Siliconpolitik: The Upcoming Quad Summit
-Pranay Kotasthane
News reports suggest that the first in-person Quad summit is likely to be held in September. The last online summit-level meeting created three working groups on vaccines, critical & emerging technologies (C&ET), and climate change.
Though there has been some action on vaccine delivery, there are virtually no updates about the outcomes of the other two working groups. At least on the C&ET front, it seems to me that a vast agenda has bogged down any meaningful collaboration. To this day, it seems that the four countries do not even agree on which technologies are critical and emerging, and which aren’t.
The four states will be looking for ways to get out of this rut as they meet in September. Hence it is useful to recommend C&ET ‘actionables’ that can be announced as part of this summit.
I have earlier written why a semiconductor partnership would be an ideal start for the Quad C&ET collaboration. In this edition, here are a few tangible action items to begin this partnership.
One, announce a Quad Semiconductor Supply Chain Resilience Fund. Think of this as a multi-sovereign wealth fund but for semiconductor investments across the Quad countries. This fund could focus on two areas:
create a roadmap for new manufacturing facilities across the Quad countries. One of the focus areas should be to secure supplies not just at the leading-edge nodes but also at key trailing-edge nodes, which will continue to remain workhorses for automotive, communications (5G), and AI.
Sponsor new standard developments such as composite semiconductors and create one centre for excellence in each Quad country in an area of its immediate interest. For example, Australia could host the CoE for new materials in electronics, Japan could host the CoE for silicon manufacturing equipment, while the US and India could host CoEs on specific fabless design architectures.
Two, and this one is an even more ambitious goal, facilitate strategic alliances between companies in the four quad states.
A precedent to learn from is the US-Japan arrangement in the early 1990s by when memory manufacturing had moved out from the US to Japan for cost reasons.
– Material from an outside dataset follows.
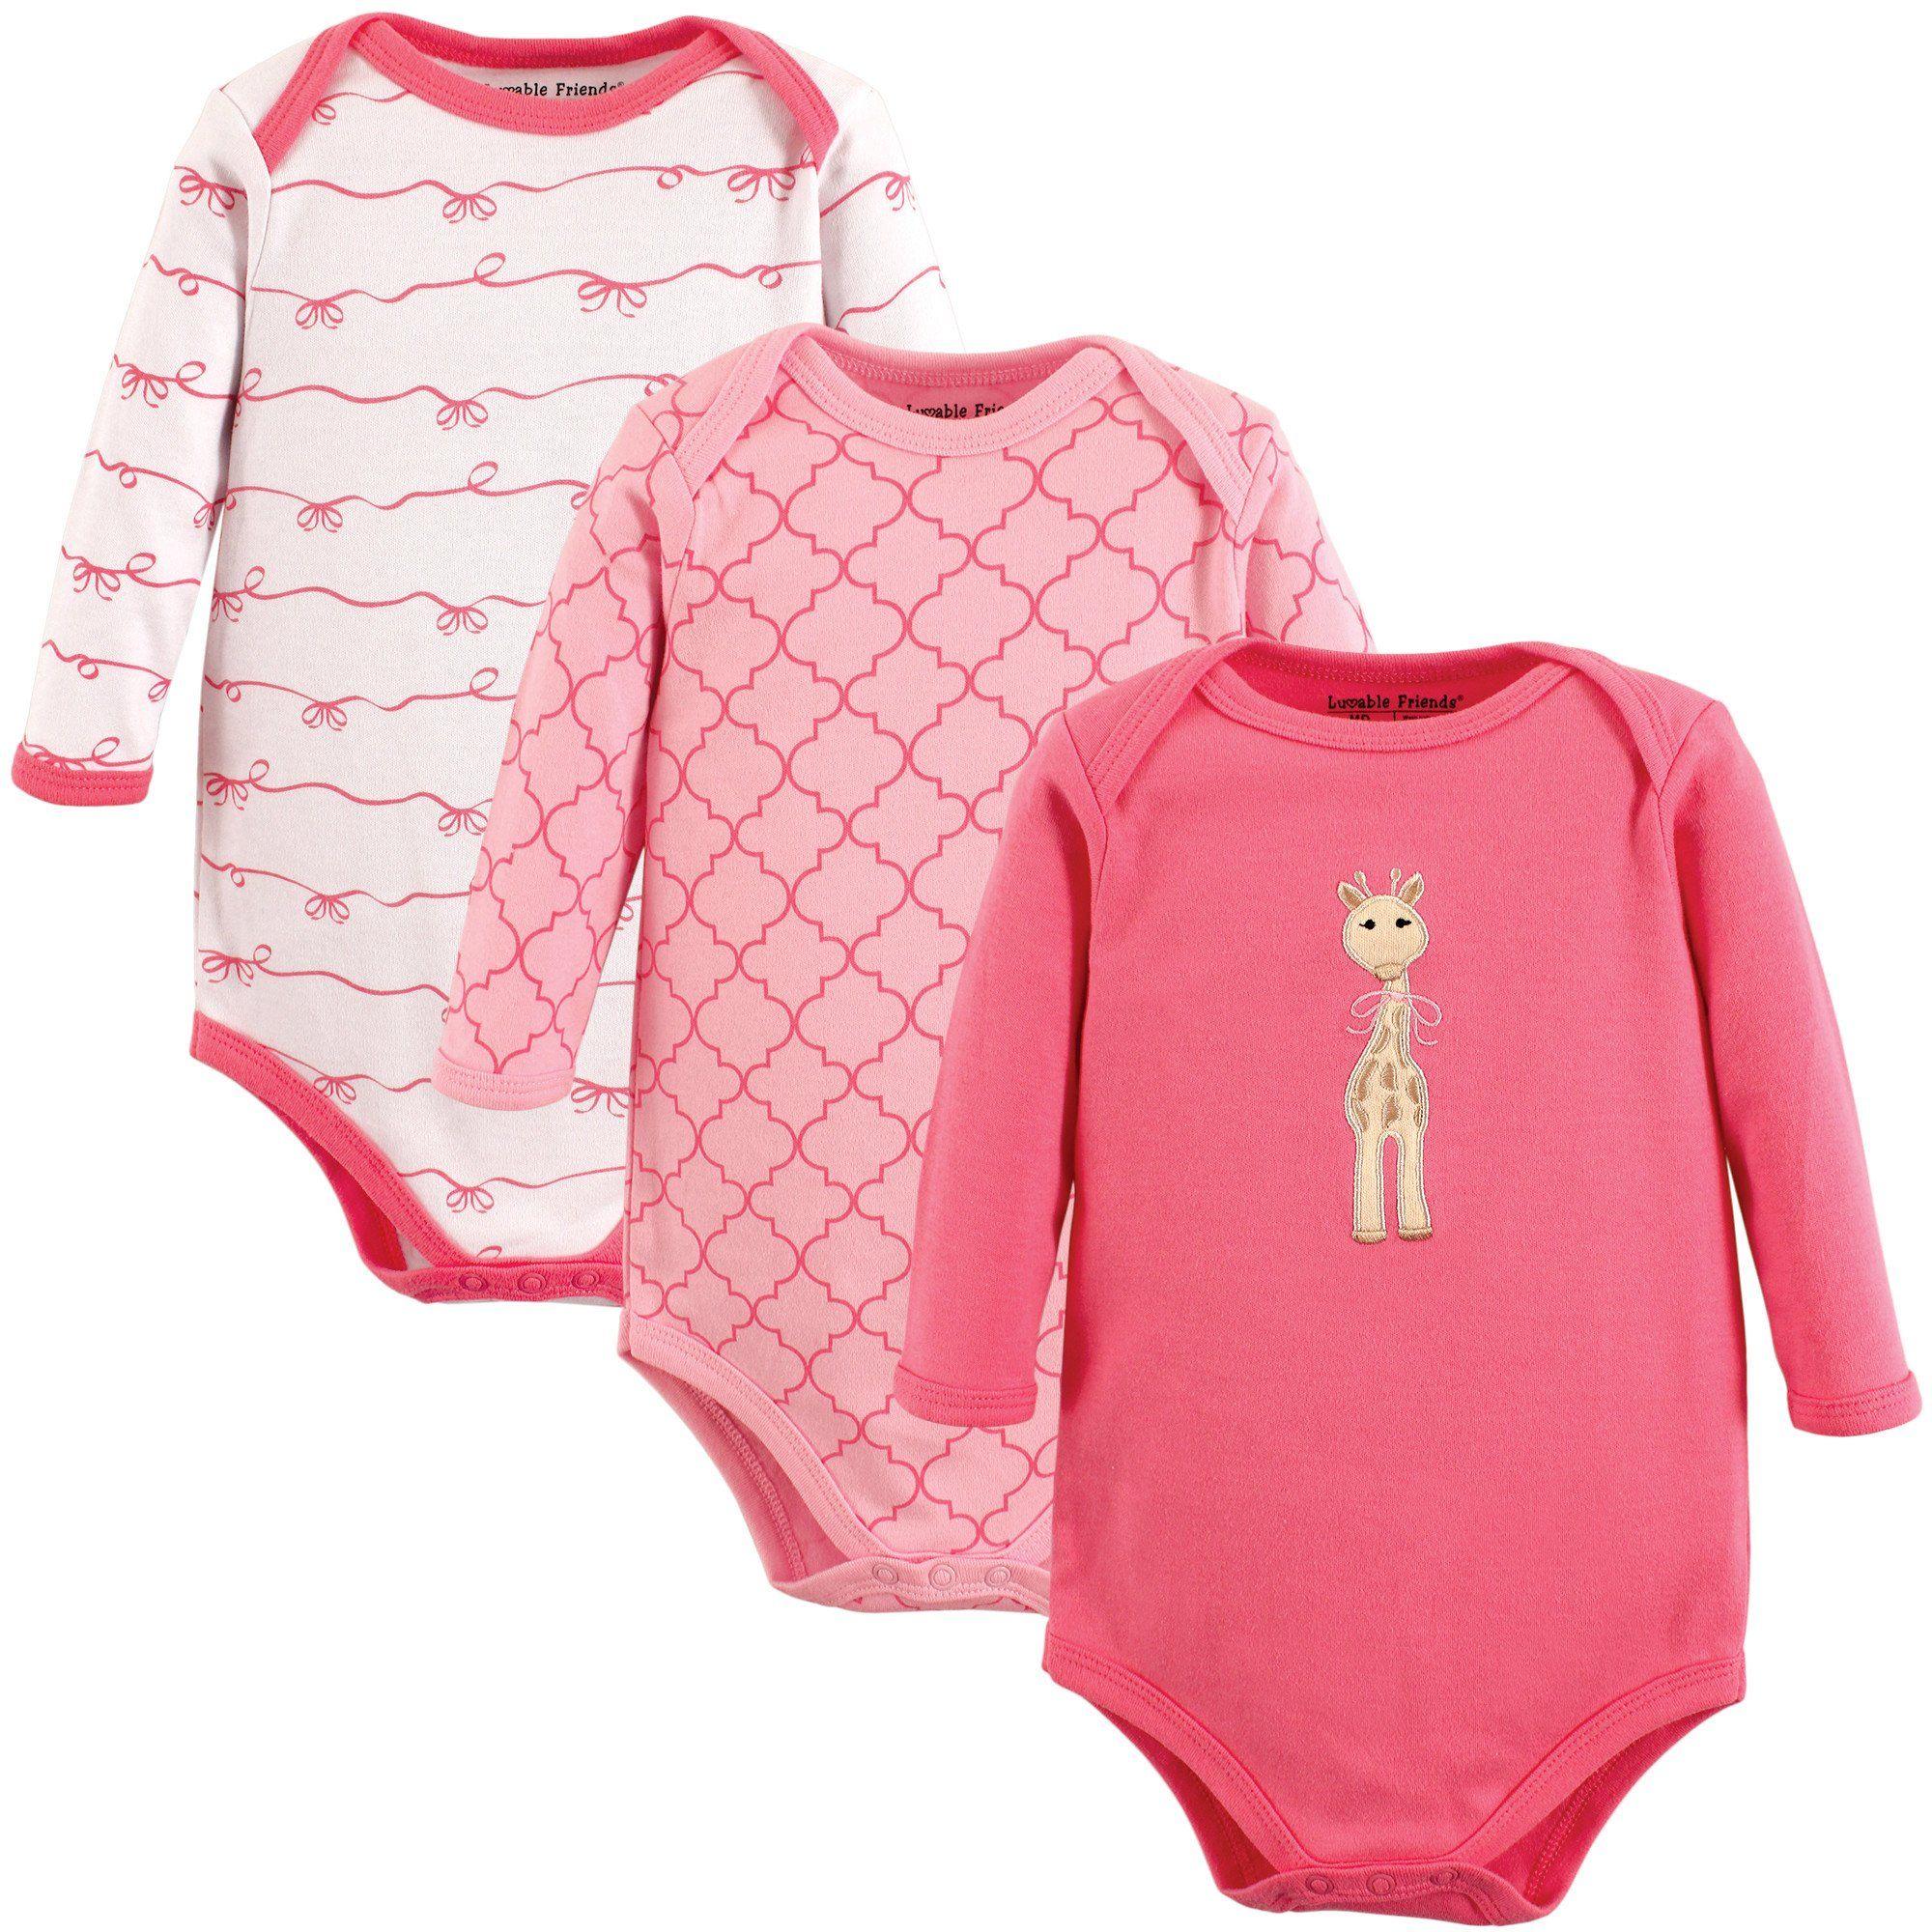 57d834c25 Luvable Friends Baby Long Sleeve Bodysuit 3 Pack

The US National Research Council came out with a report in 1992 studying the types of alliances between US and Japanese semiconductor companies and recommended specific actions to take in furthering each of these arrangements.
For example, the table below captured the sixteen types of alliances used by US and Japanese semiconductor companies.
Nearly thirty years later, this typology remains a useful guide for Quad collaboration on semiconductors. Each area needs government facilitation. For example, reducing export control requirements between quad countries can aid more licensing, cross-licensing, and technology exchange arrangements. Similarly, lowering investment screening mechanisms for quad countries can accelerate joint development and acquisition arrangements.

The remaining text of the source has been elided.